Suppose $ a, b, c, d $ are real numbers and $ r $ is a constant. Which values can $ r $ take to make the following set a subring of ring of $ 2\times 2 $ matrices: $$ \left\{ \begin{bmatrix}a&b\\c&d\end{bmatrix}: a+b+c+d=r \right\} .$$
I was thinking one possibility that $ r=0 $, but I had trouble with showing the multiplication is closed. A little help here?

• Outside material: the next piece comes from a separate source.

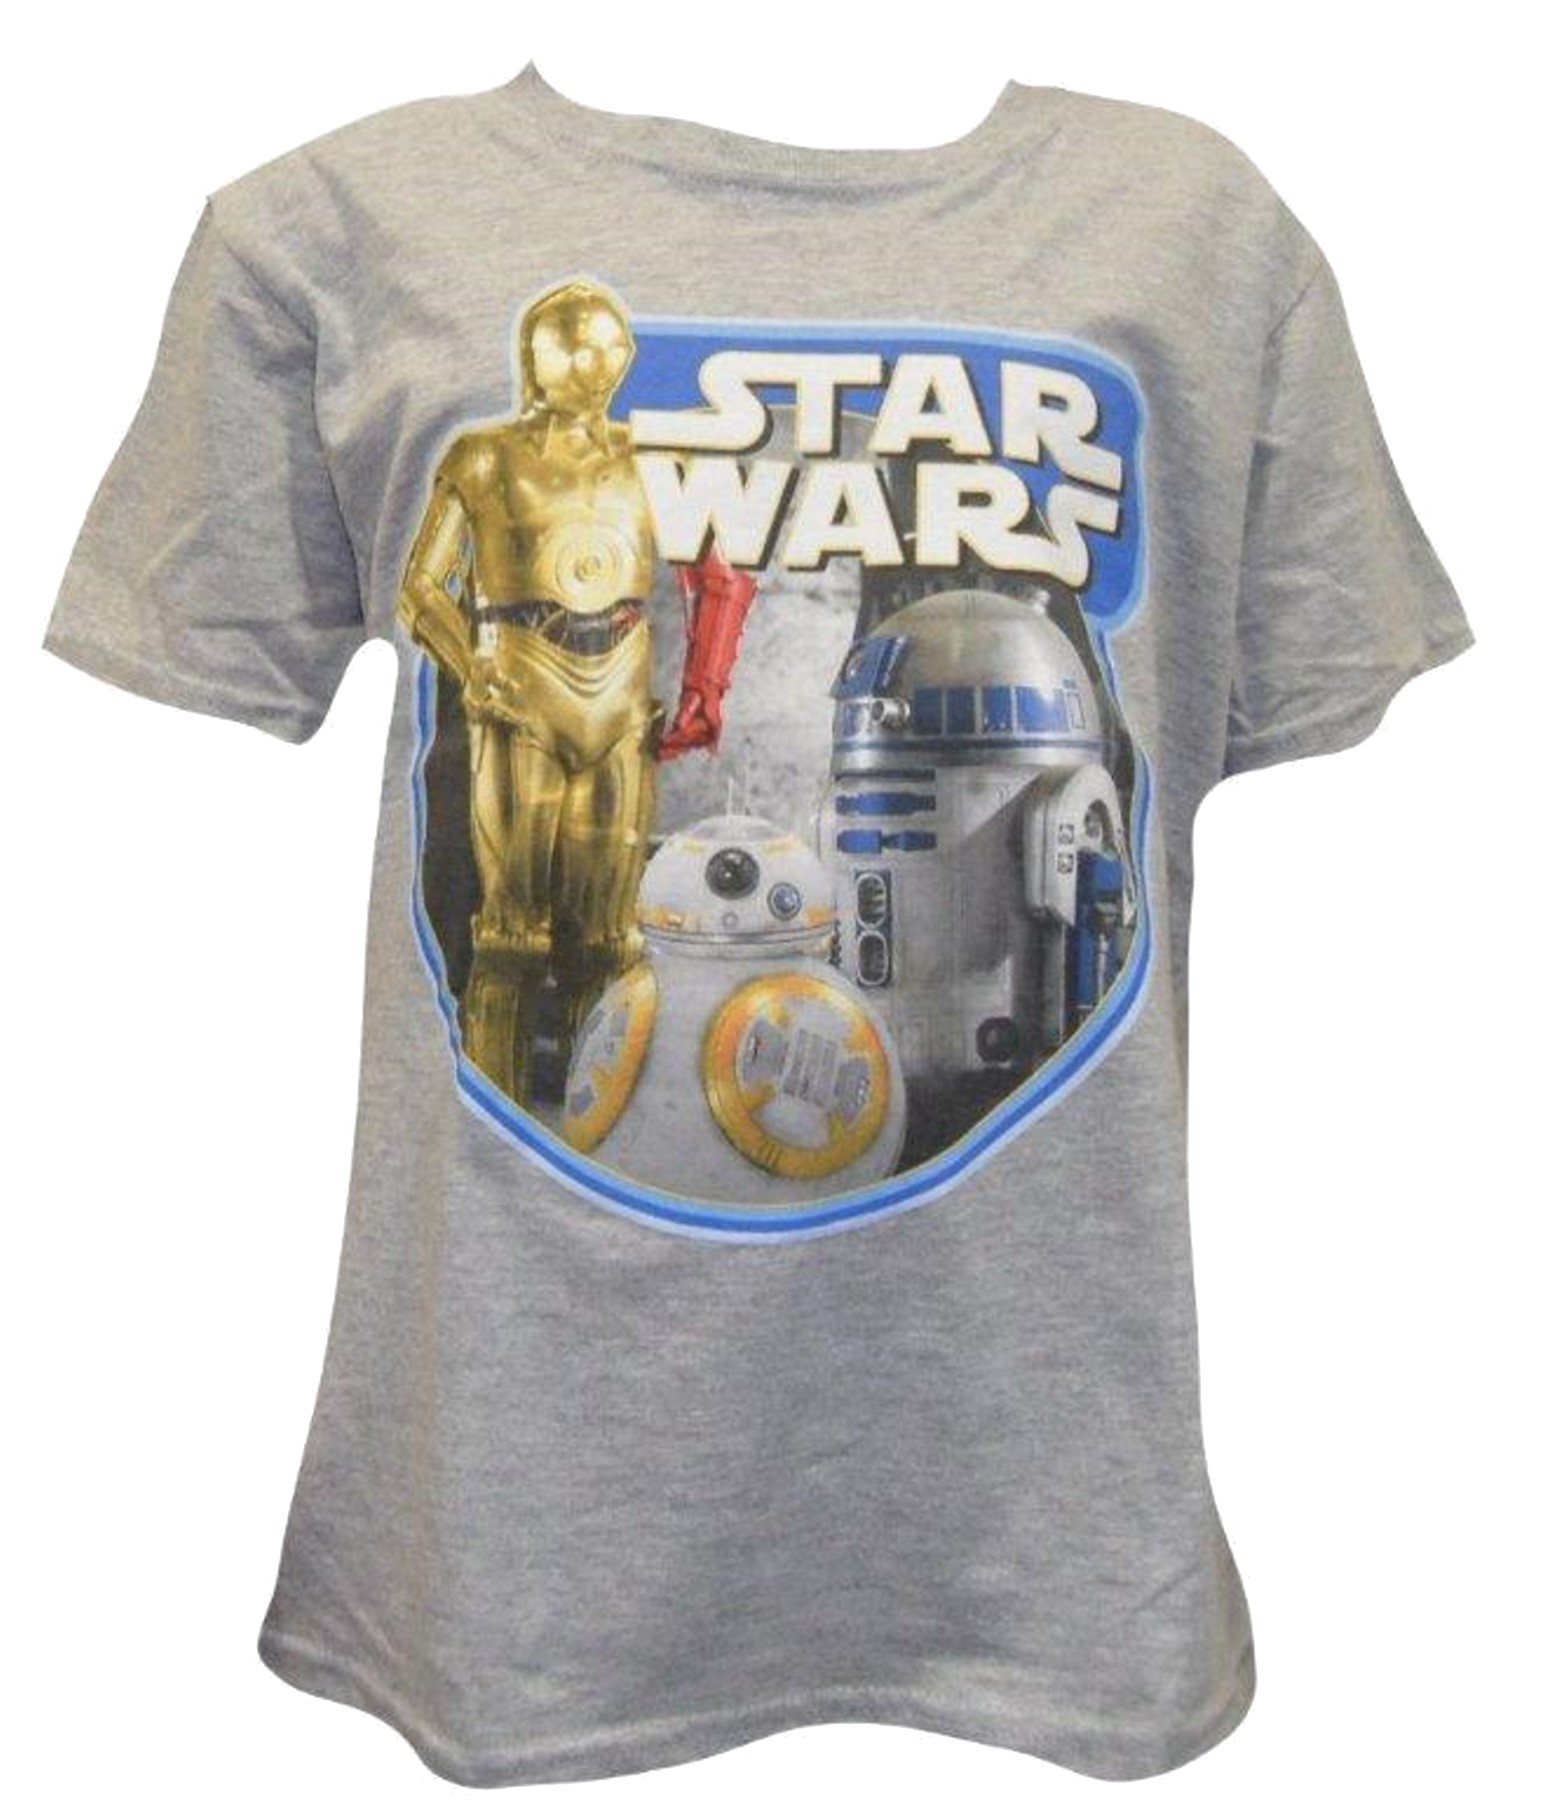 Star Wars T-shirt 23320.jpg  by Thingimijigs

According to the post below, I'd like to add a paragraph:
Actually, the only possibility for $ r $ is $ 0 $, since the additional identity $ 0 $ must stay in there.
$$ \begin{bmatrix}a&b\\c&d\end{bmatrix}\cdot \begin{bmatrix} a^{'} & b^{'}\\c^{'} &d^{'}\end{bmatrix}=\begin{bmatrix} aa^{'}+bc^{'} &ab^{'}+bd^{'}\\ca^{'}+dc^{'}&cb^{'}+dd^{'}\end{bmatrix} $$
In fact, the set can only be a subring, if it is an additive subgroup first. So the zero matrix should be in the set. This necessarily means $r=0$. Now multiply two such matrices. What do you get? Try to find a counterexample with specific matrices.
More explicitly, try $$ A=\begin{pmatrix} 10 & 25 \cr 0 & -35 \end{pmatrix} B=\begin{pmatrix} 1 & 1 \cr -1 & -1 \end{pmatrix} $$ Then $AB$ is no longer in the set.